- _Material provided_

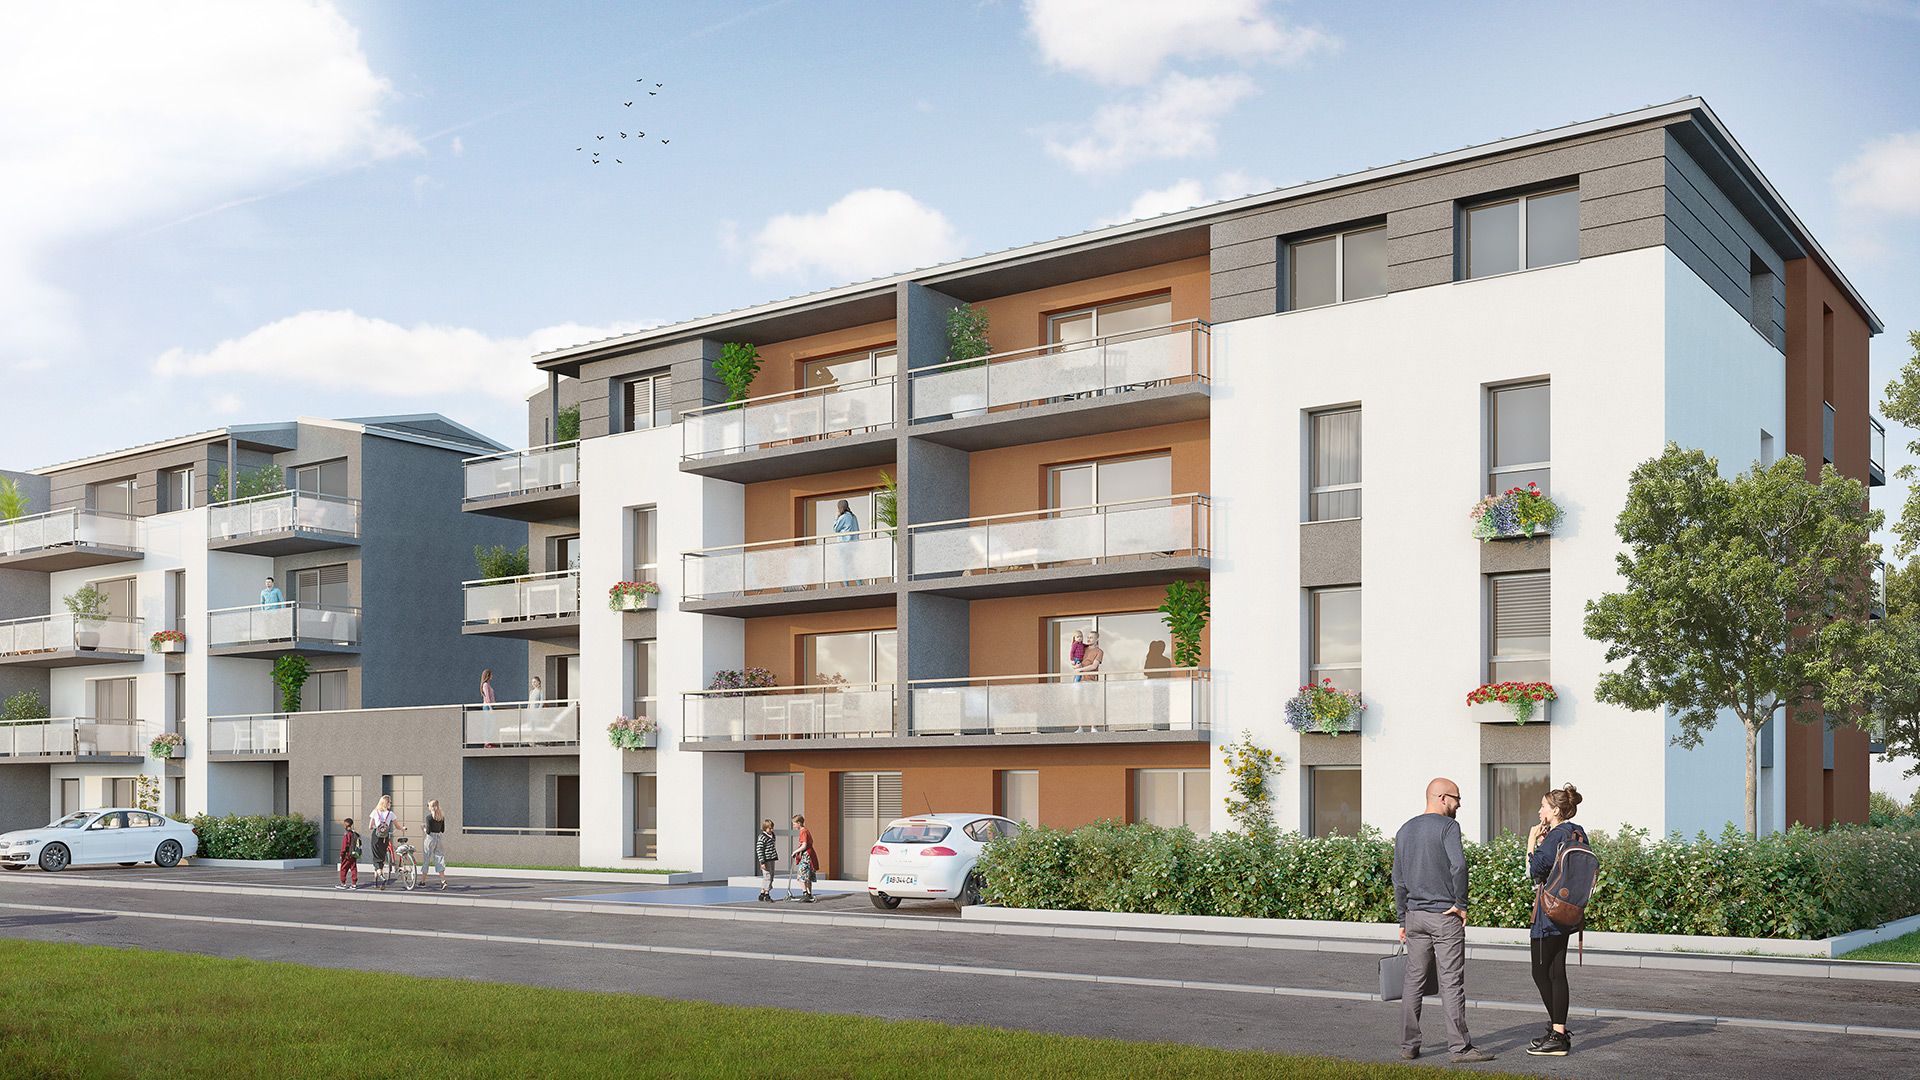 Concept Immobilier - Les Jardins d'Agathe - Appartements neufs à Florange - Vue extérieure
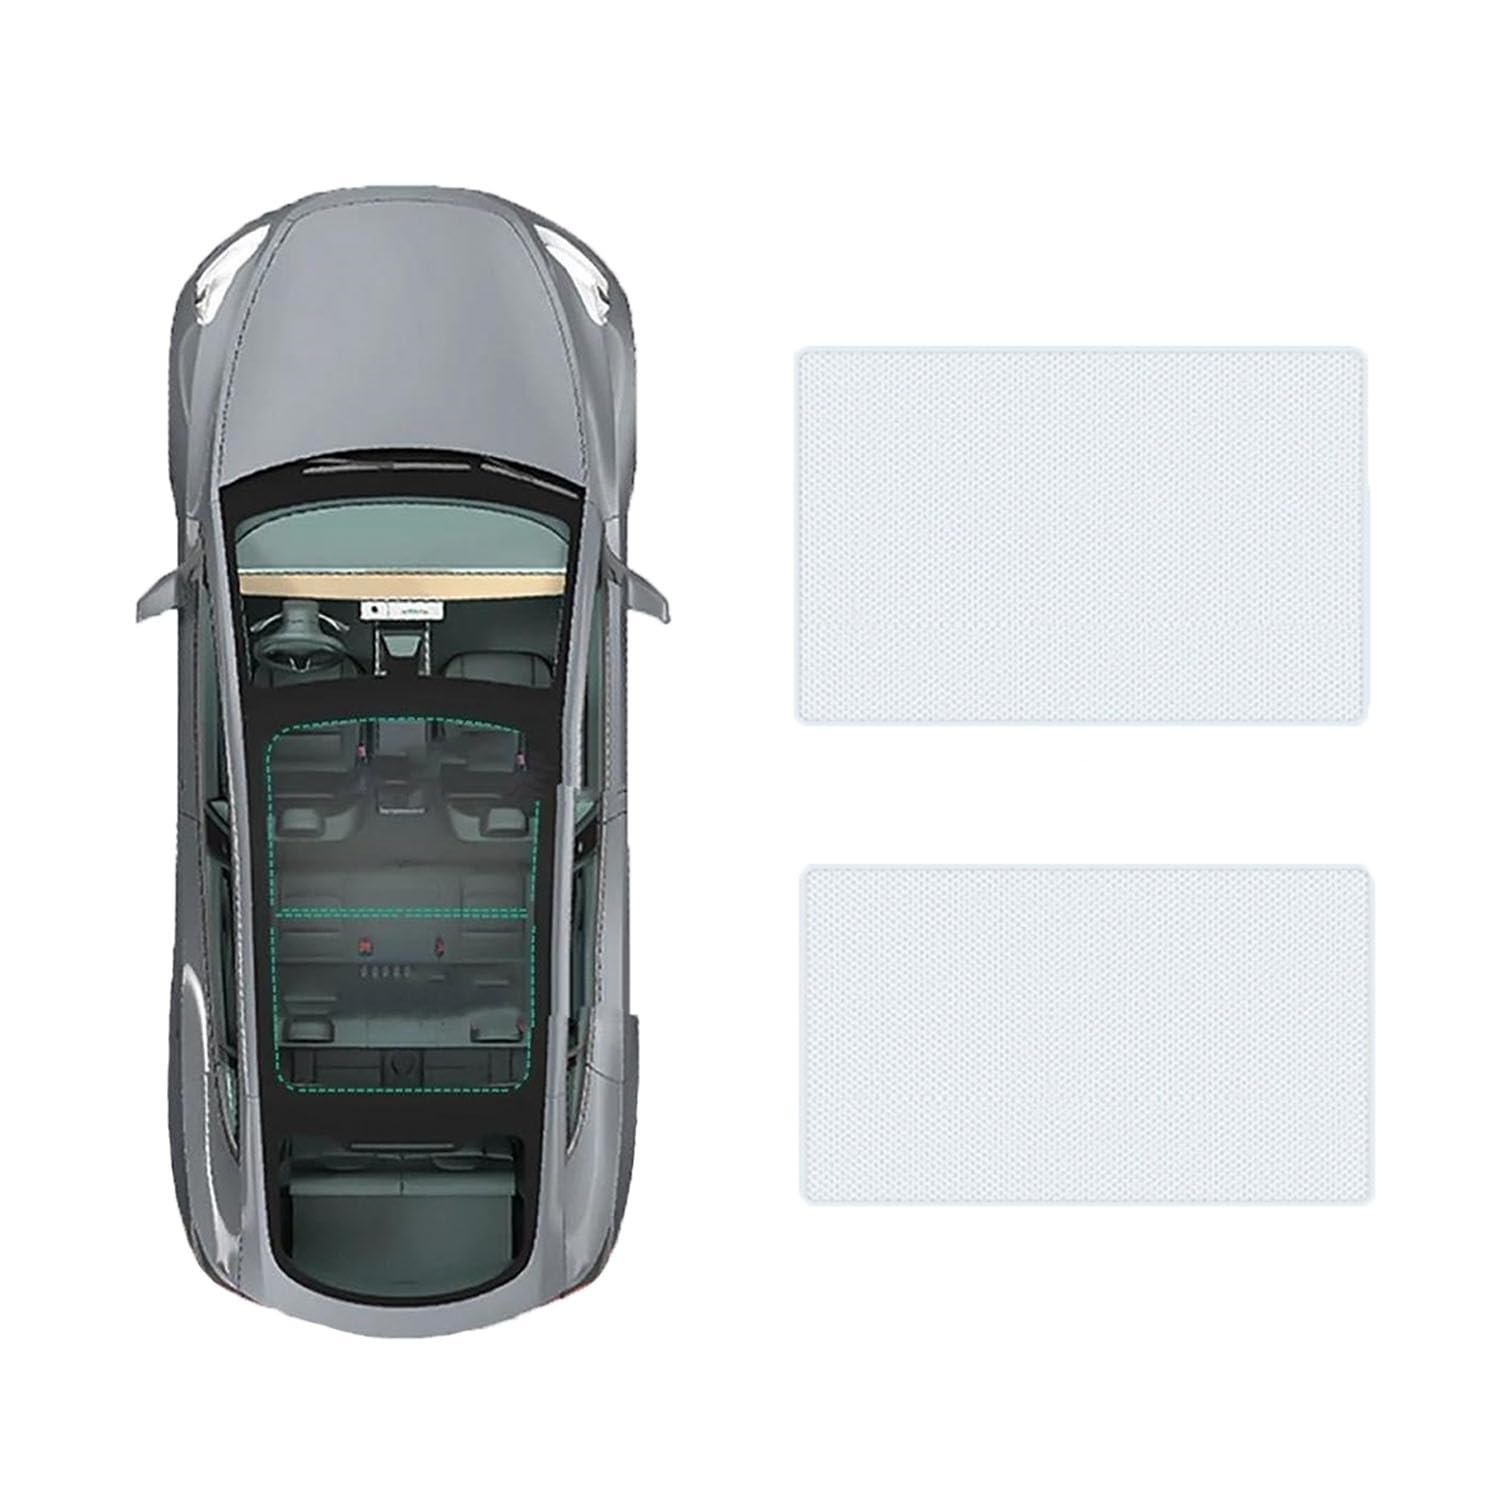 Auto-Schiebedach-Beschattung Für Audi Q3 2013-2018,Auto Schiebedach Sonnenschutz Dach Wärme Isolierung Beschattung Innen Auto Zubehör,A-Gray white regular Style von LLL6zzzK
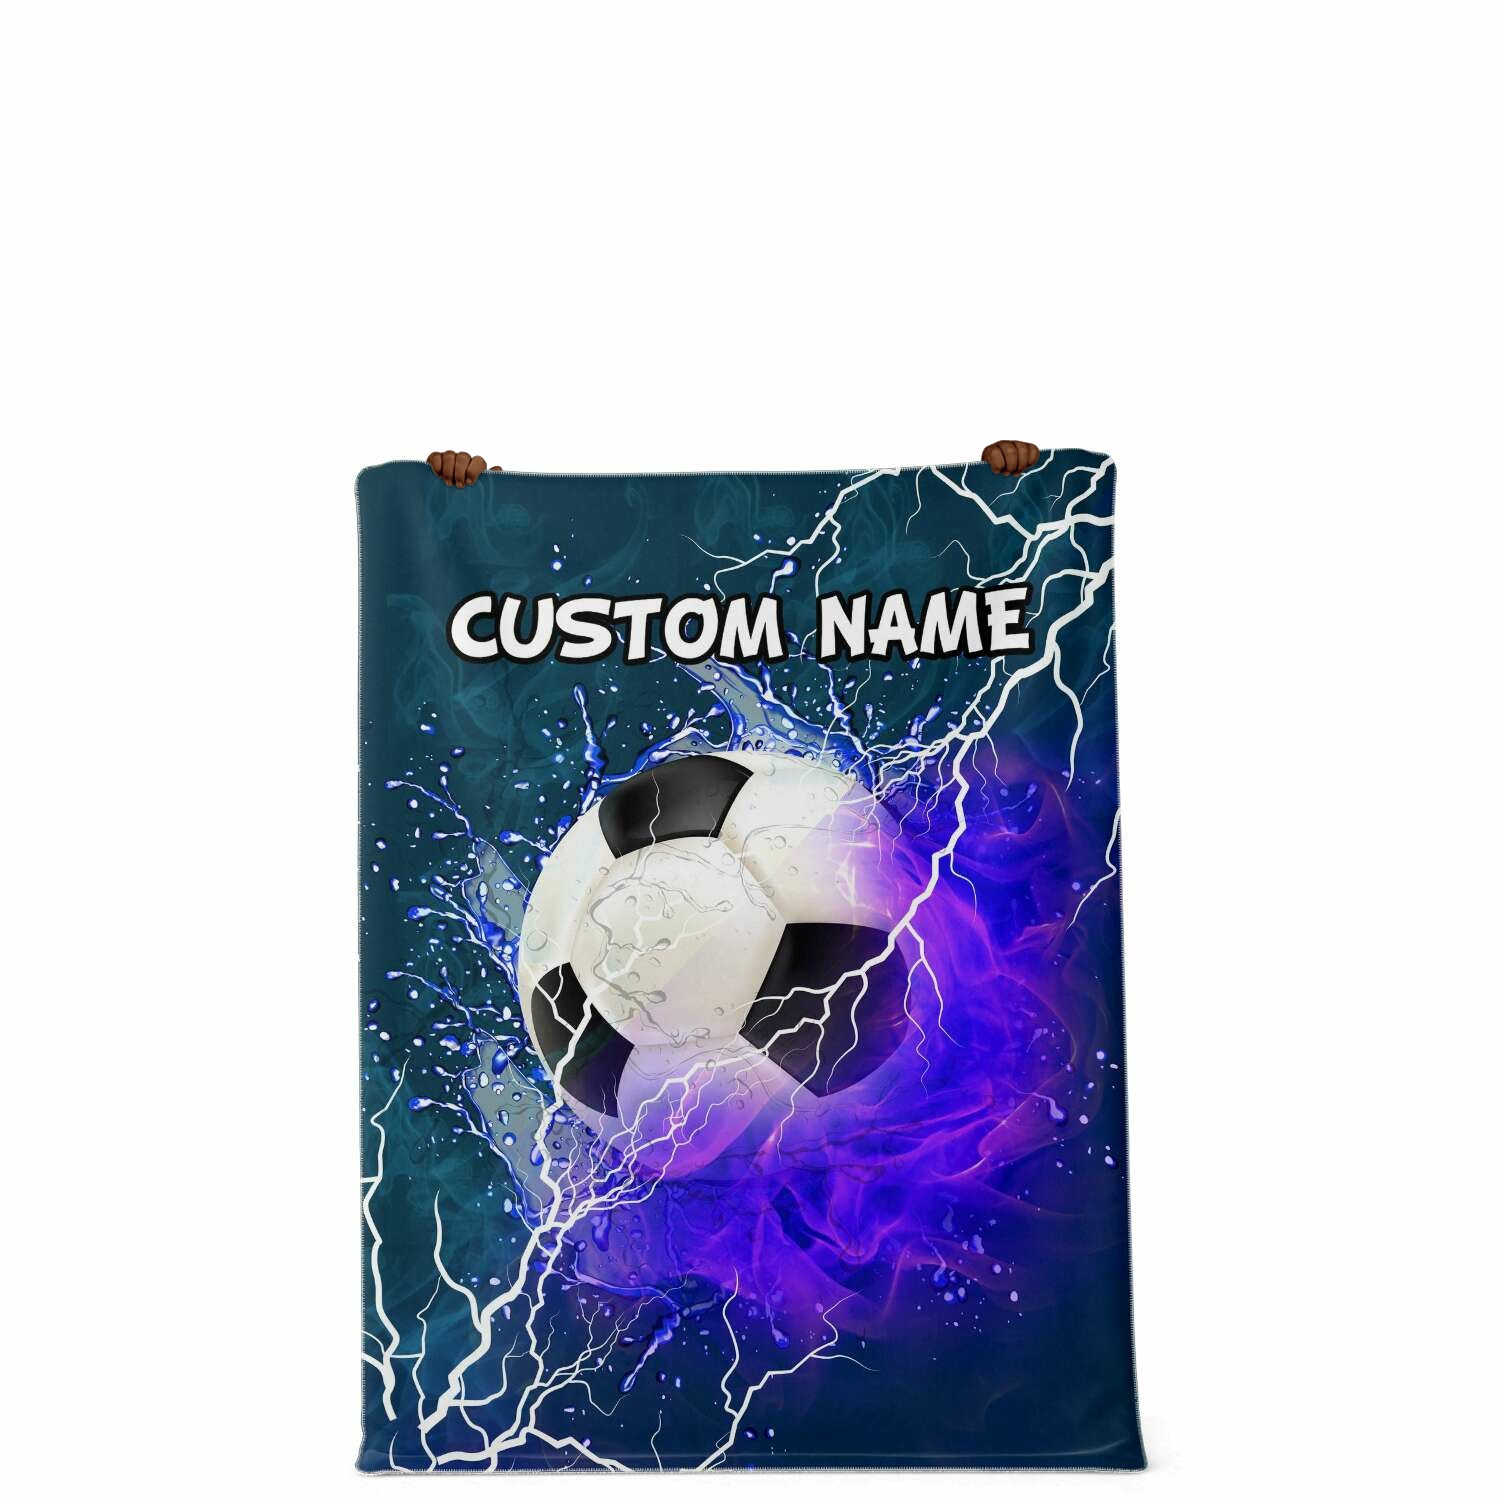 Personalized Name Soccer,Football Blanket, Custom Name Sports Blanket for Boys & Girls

- _What the task asks_
An exact copy of the material is required, minus the pictures.

- _Solution to this task_
 Concept Immobilier - Les Jardins d'Agathe - Appartements neufs à Florange - Vue extérieure
 Auto-Schiebedach-Beschattung Für Audi Q3 2013-2018,Auto Schiebedach Sonnenschutz Dach Wärme Isolierung Beschattung Innen Auto Zubehör,A-Gray white regular Style von LLL6zzzK
 Personalized Name Soccer,Football Blanket, Custom Name Sports Blanket for Boys & Girls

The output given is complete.